Backtesting5 min read

Backtesting Overview

Vantixs backtesting simulates your strategy on historical market data using a Rust-powered engine capable of processing 50,000+ bars per second. Validate your ideas with realistic execution modeling before risking any capital.

Note

During the BETA period, backtesting and paper trading are fully available. Live trading with real capital is planned for a future release.

50K+ bars/sec
Rust-powered engine
Event-Driven
Realistic fill simulation
8 Exchanges
Historical data coverage
6 Key Metrics
Comprehensive performance analysis

Why Backtest?

Benefits of Backtesting

Validate Ideas

Prove your strategy works on historical data before committing capital

Measure Performance

Get concrete metrics — Sharpe Ratio, Max Drawdown, Win Rate, and more

Understand Risk

Know your worst-case drawdown scenarios through Monte Carlo simulation

Optimize Parameters

Find the best indicator settings with walk-forward optimization

Build Confidence

Trade paper accounts with conviction based on data-driven results

Save Time

Months of market exposure simulated in seconds at 50K bars/sec

Vantixs Backtesting Features

High-performance event-driven simulation built in Rust:

  • 50,000+ bars per second processing speed
  • True bar-by-bar processing that simulates realistic order execution
  • Slippage modeling based on historical volume profiles
  • Configurable commission impact (default 0.1% per trade)
  • Market impact estimation for larger order sizes
  • Historical data from 8 supported exchanges: Binance, Coinbase, Kraken, OKX, Bybit, KuCoin, Bitget, and Gate.io

Backtest configuration panel showing date range, capital, commission, and slippage settings

Running a Backtest

Complete Backtest Workflow

1

Design Strategy

Complete your node connections on the canvas. Ensure all nodes show green status indicators.

2

Click Backtest

Find the Backtest button in the top toolbar. A configuration panel will open.

3

Configure Settings

Choose your parameters: - **Date range**: e.g., last 6-12 months of historical data - **Initial capital**: e.g., $10,000 (virtual) - **Commission model**: e.g., 0.1% per trade - **Slippage**: e.g., 0.05% per fill - **Exchange data source**: Select from 8 supported exchanges

4

Click Run

The Rust engine processes at 50K+ bars/sec. Most backtests complete in seconds.

5

Analyze Results

Review the equity curve, trade log, and performance statistics. Look for consistent growth with manageable drawdowns.

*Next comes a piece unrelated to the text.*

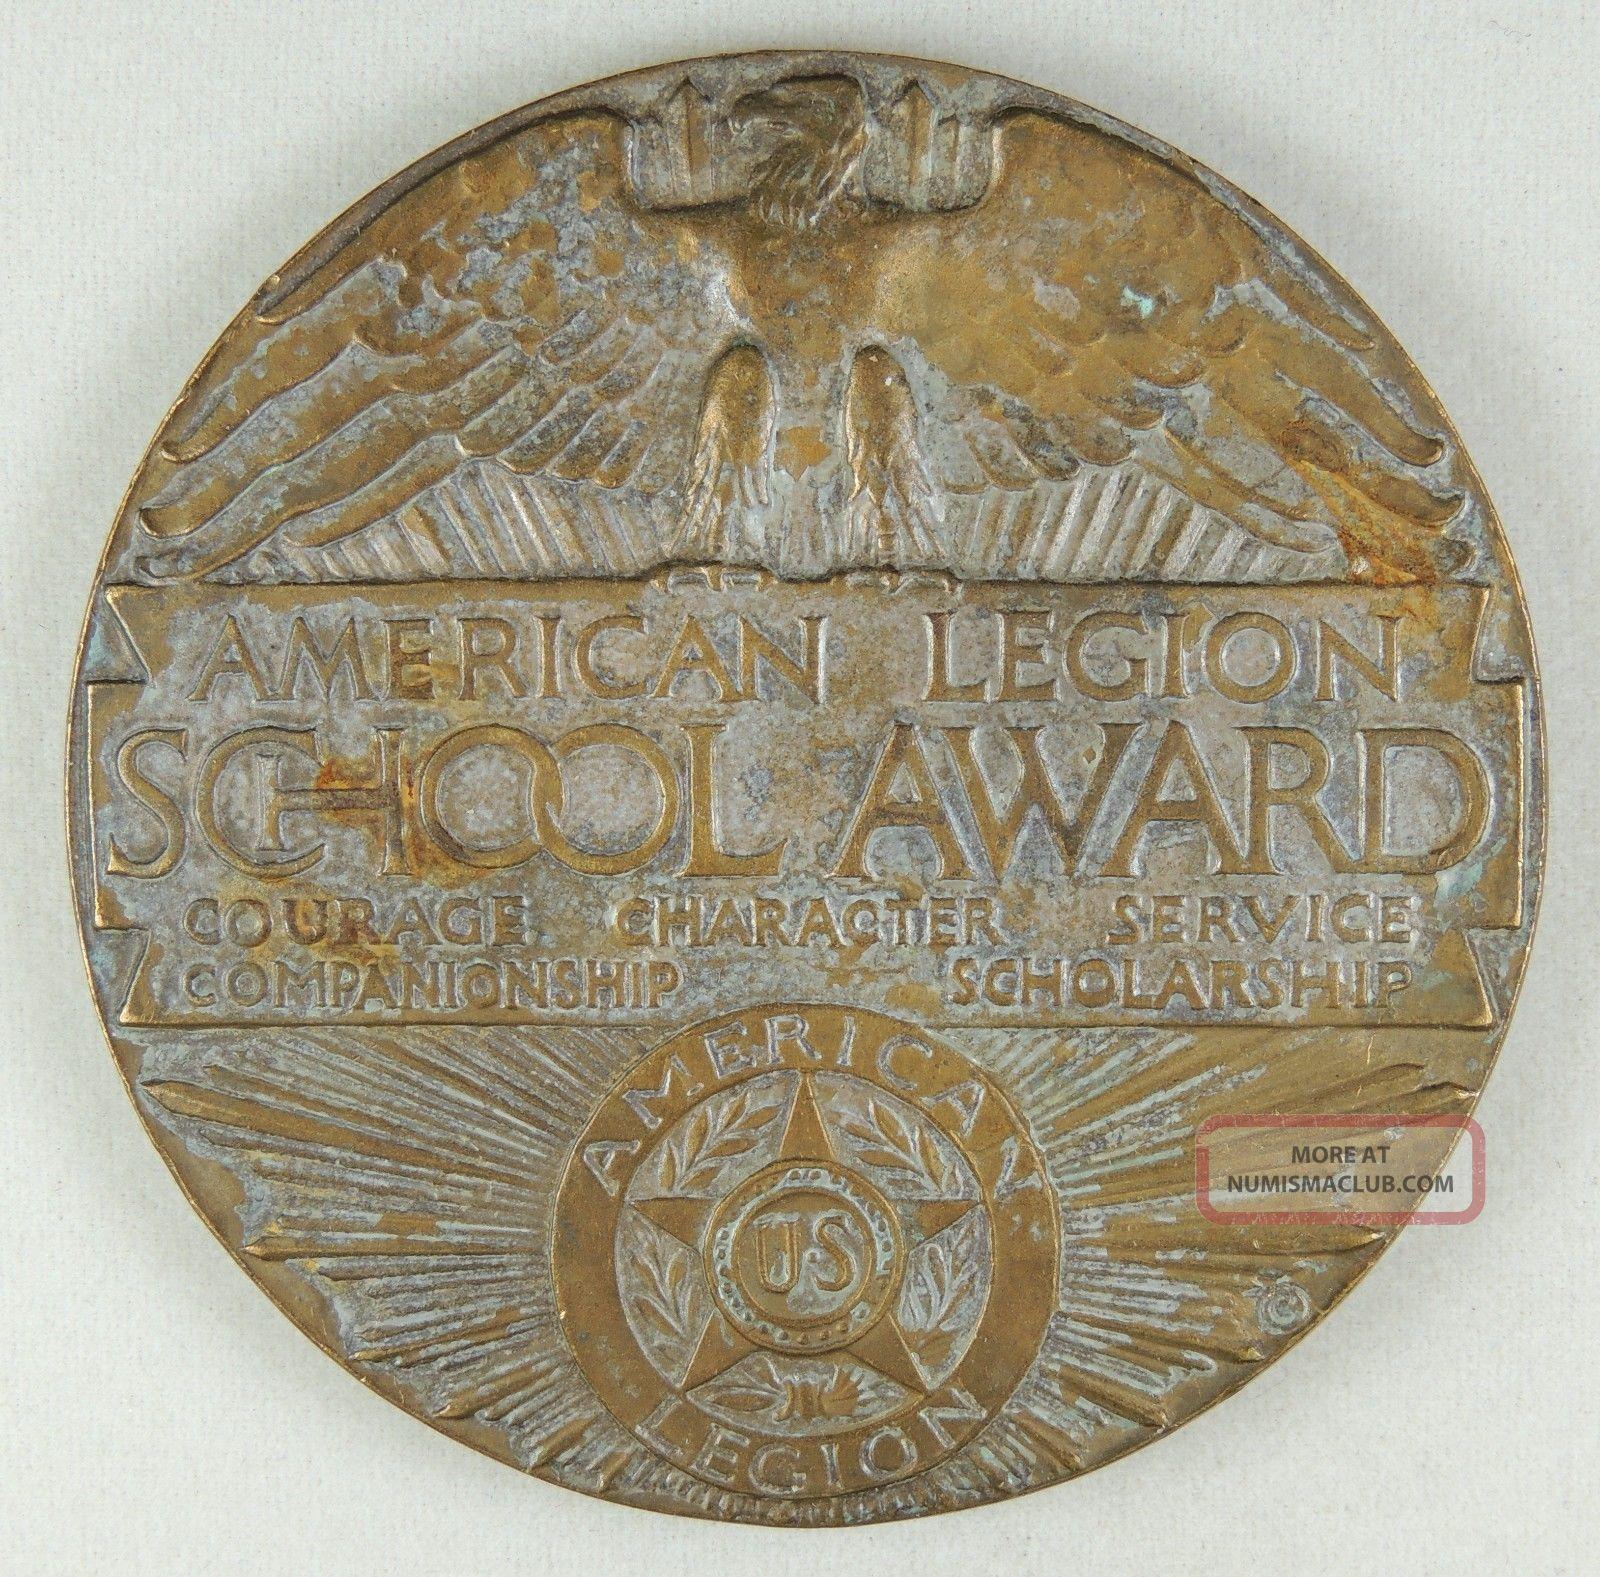 1925 American Legion School Award - Bronze Medal / Medallion - Medallic Art Co Ny Exonumia photo

Backtest results dashboard showing equity curve chart, key metrics summary, and trade log table

Key Metrics

MetricDescriptionGood Target
Sharpe RatioRisk-adjusted return (higher = better risk/reward)> 1.5
Max DrawdownLargest peak-to-trough decline< 20%
Win RatePercentage of profitable trades> 50%
Profit FactorGross profit / Gross loss> 1.5
CAGRCompound annual growth rate> 15%
Total TradesNumber of trades executed in the periodVaries by strategy
Tip

No single metric tells the whole story. A strategy with a 40% win rate can still be highly profitable if its average win is much larger than its average loss (high Profit Factor). Always evaluate metrics together.

Avoiding Common Pitfalls

Caution

These mistakes can make your backtest results misleading

Look-ahead Bias

Using future data that wouldn't be available at trade time. Vantixs prevents this by processing bars sequentially, but be careful with indicator lookback periods.

Survivorship Bias

Only testing assets that still exist today. Include a variety of trading pairs and time periods in your testing.

Overfitting

Optimizing too many parameters to perfectly fit past data. Use walk-forward validation to ensure your strategy generalizes.

Unrealistic Costs

Ignoring slippage and commissions. Vantixs models these by default — keep them enabled for accurate results.